7 kadiera July 8, 2010 at 1:20 pm

We’ve taken to making friends who are willing to be involved with our son, rather than trying to figure out how to get the family to be involved.

Don’t get me wrong – all his grandparents love him dearly, but one set is out of state (and has their own issues), and the other is just not capable (emotionally) of dealing with the day to day reality of caring for our son – they won’t change diapers, they won’t help clean up when he vomits, so asking them to suction a trach or even hold a g-tube feeding syringe is asking too much.

We haven’t cut them off, but we also haven’t put forth any effort to involve them in a long time.

8 Maggie Jane Besterman July 8, 2010 at 1:34 pm

You’ve said exactly what I would have, so I won’t post something redundant. The hard truth is that some people don’t want to learn; they are willfully ignorant, and happy to be so. Very sad, but true.

9 staying afloat July 8, 2010 at 5:05 pm

I would just like to add that there are a lot of people who are just plain freaked out by our kids. Maybe they wish they could handle them, but they don’t know how, no matter how much you tell them. They don’t know that they are capable of handling it.

So you handle them as “Special Needs Relatives” and implement a behavioral program: you start slow with progressing steps. A five minute visit, then fifteen in a setting in which your child does well, then half an hour, etc.

Of course, they have to be on board for this. But you’d be surprised how many people are just scared, and appreciate the acknowledgement that it’s normal to need help with dealing with our kids.

And yes, neighbors are who I depend on day to day. It’s a geography thing, but I still think my neighbors who see my son every day are often better with him.

10 Nancy Brown July 8, 2010 at 6:33 pm

We moved away when our child was one. We moved to a different state. I found a support system. As we staarted struggling with infertility we decided we should move back. We went through 2 very difficult brain sugeries for shunts and we really wanted our family support. That support was there when we told them we wanted to come back. Everyone offered their support. EVERYONE.

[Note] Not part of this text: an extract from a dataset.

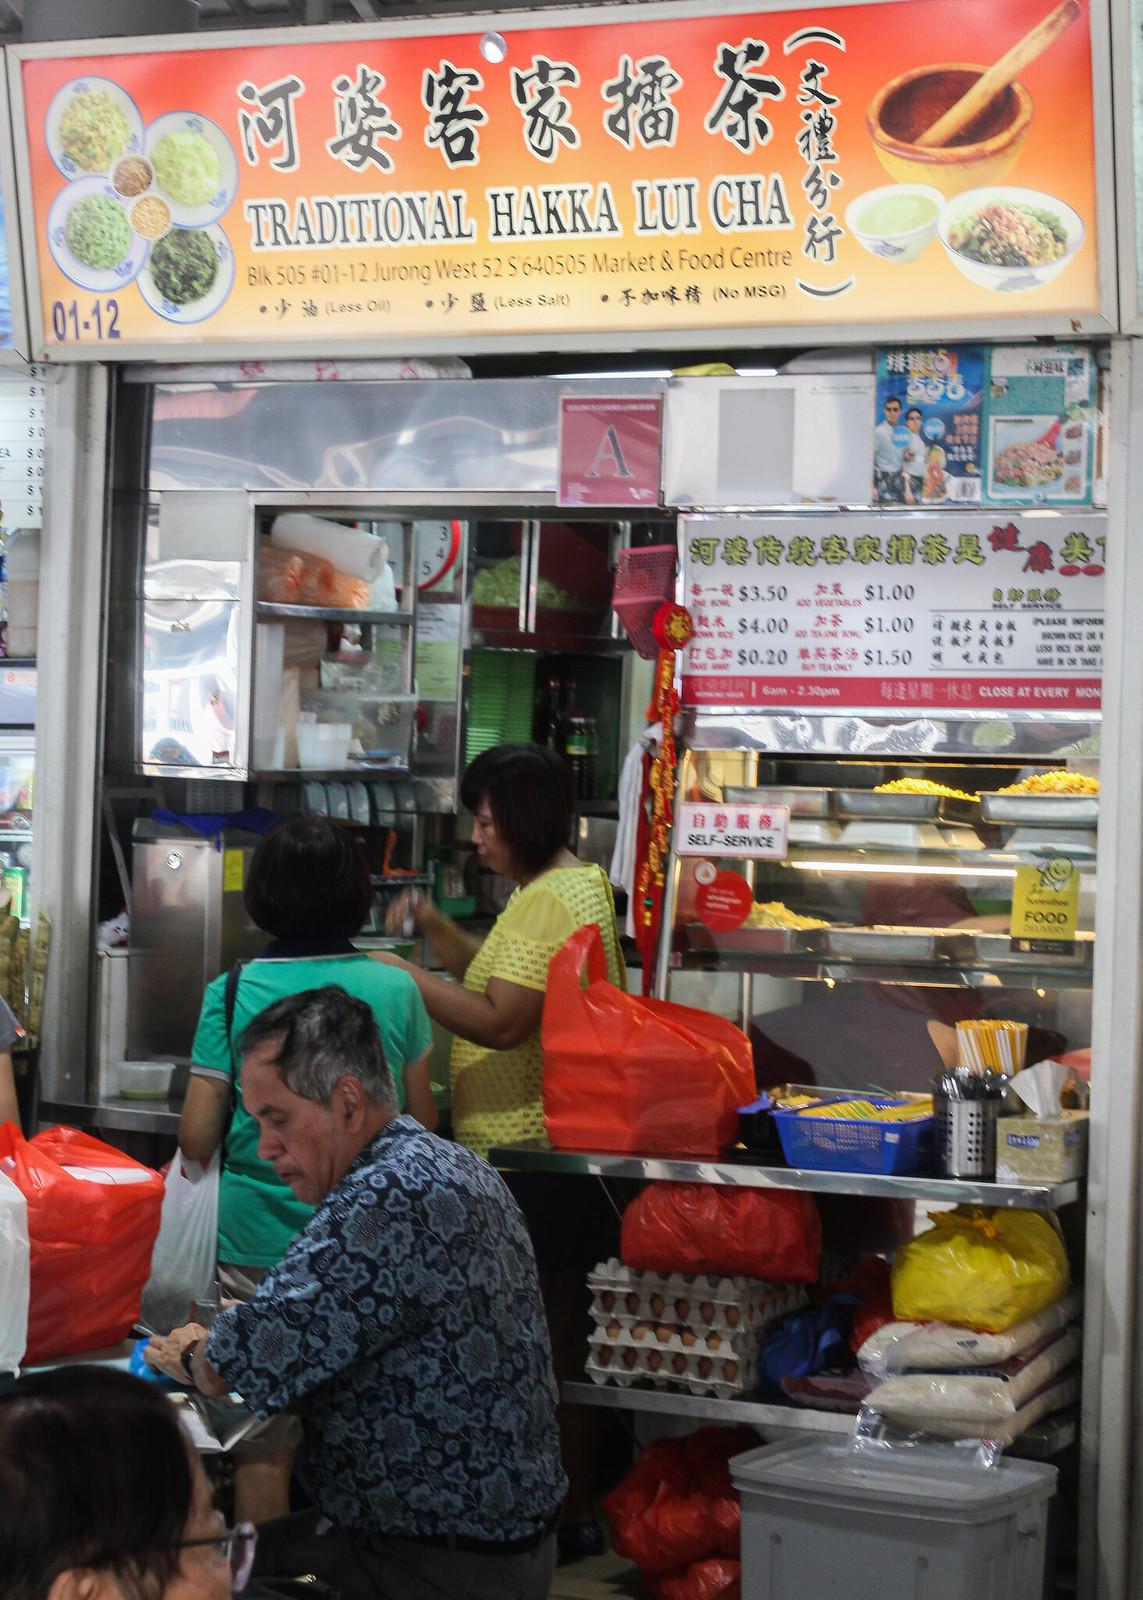 Traditional Hakka Lui Cha Storefront
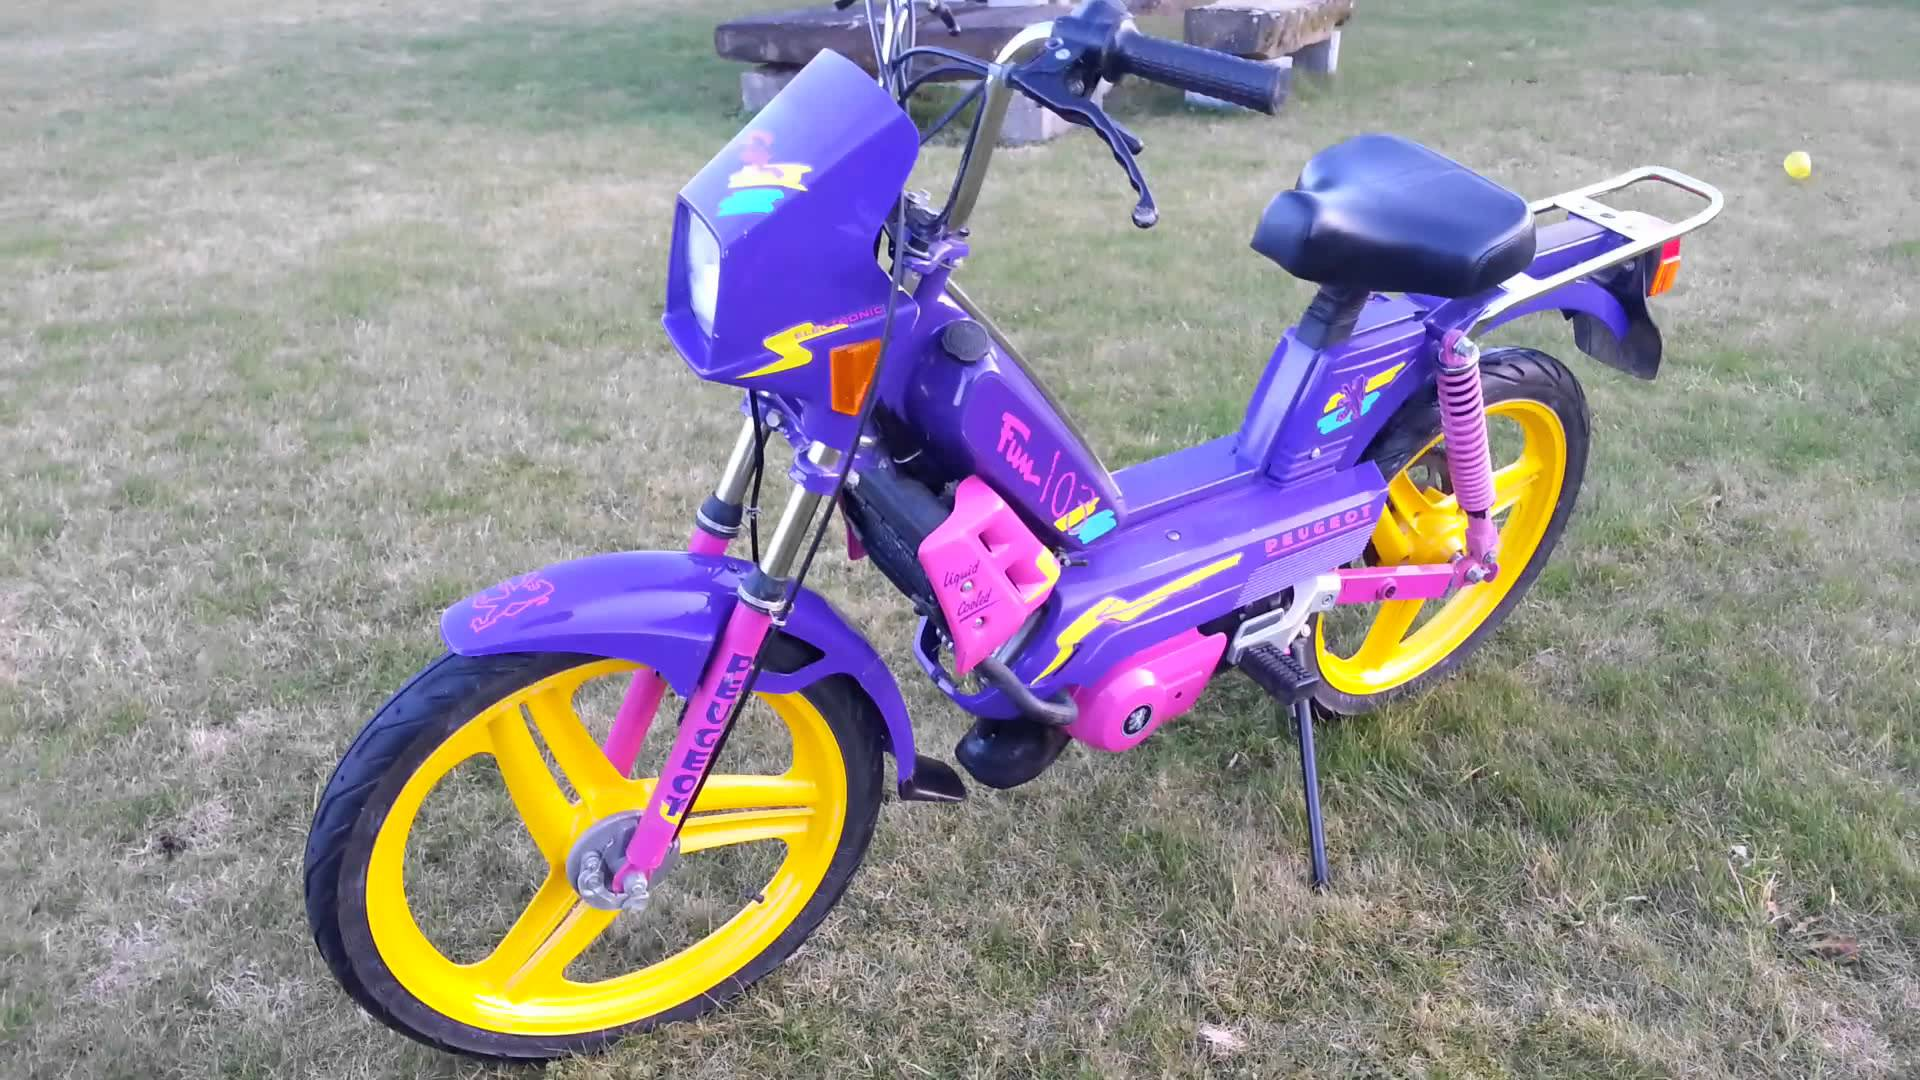 103-fun-lc-violet.jpg

We live 15 minutes from 2 of my DH’s family. We have yet to have any of them come when we have had a surgery. ( we JUST did ten days ago) not ONE of them called. No one brought a dinner. WE have and they don’t have any special needs, but had a need.

We have found that others DON”T get it. that when we opened our home to a sister she realized his life was different and she was happy to help. The others NOPE

in fact 2 times during sunday dinner we heard the R word. It makes me sick. My mom and dad live 2 hours away and not close enough to a childrens hospital or I would be there neighbor. They drive up all the time.

It is sad that others dont’ get it. Especially family. there are no great words for them… Sad…. but true

11 KDL July 9, 2010 at 12:00 am

I guess the only other thing I would add is show them some progress, if possible. When we first figured out what was going on with my daughter my mother told me flat out that she couldn’t handle her alone. At that time she would bolt, throw tantrums, hit, kick, scream, you name it. Slowly WE figured out the right supports to *help* keep her on track, and as we have shown my parents these tools they have seen her become a charming, if challenging, little girl. In a few months they’re going to come stay with our kids so we can take a short trip away…and they are totally on board. My in-laws are a different story. They’re pretty much in denial. When she misbehaves we’re bad parents, when she behaves we’re good parents, and somehow the contradiction never enters their thinking. So as others have said we don’t rely on them for support at all – just share the family news and move on. Gaining the progress (especially in cases of medical needs) would be the hard part, so I agree that support should be found in other sources.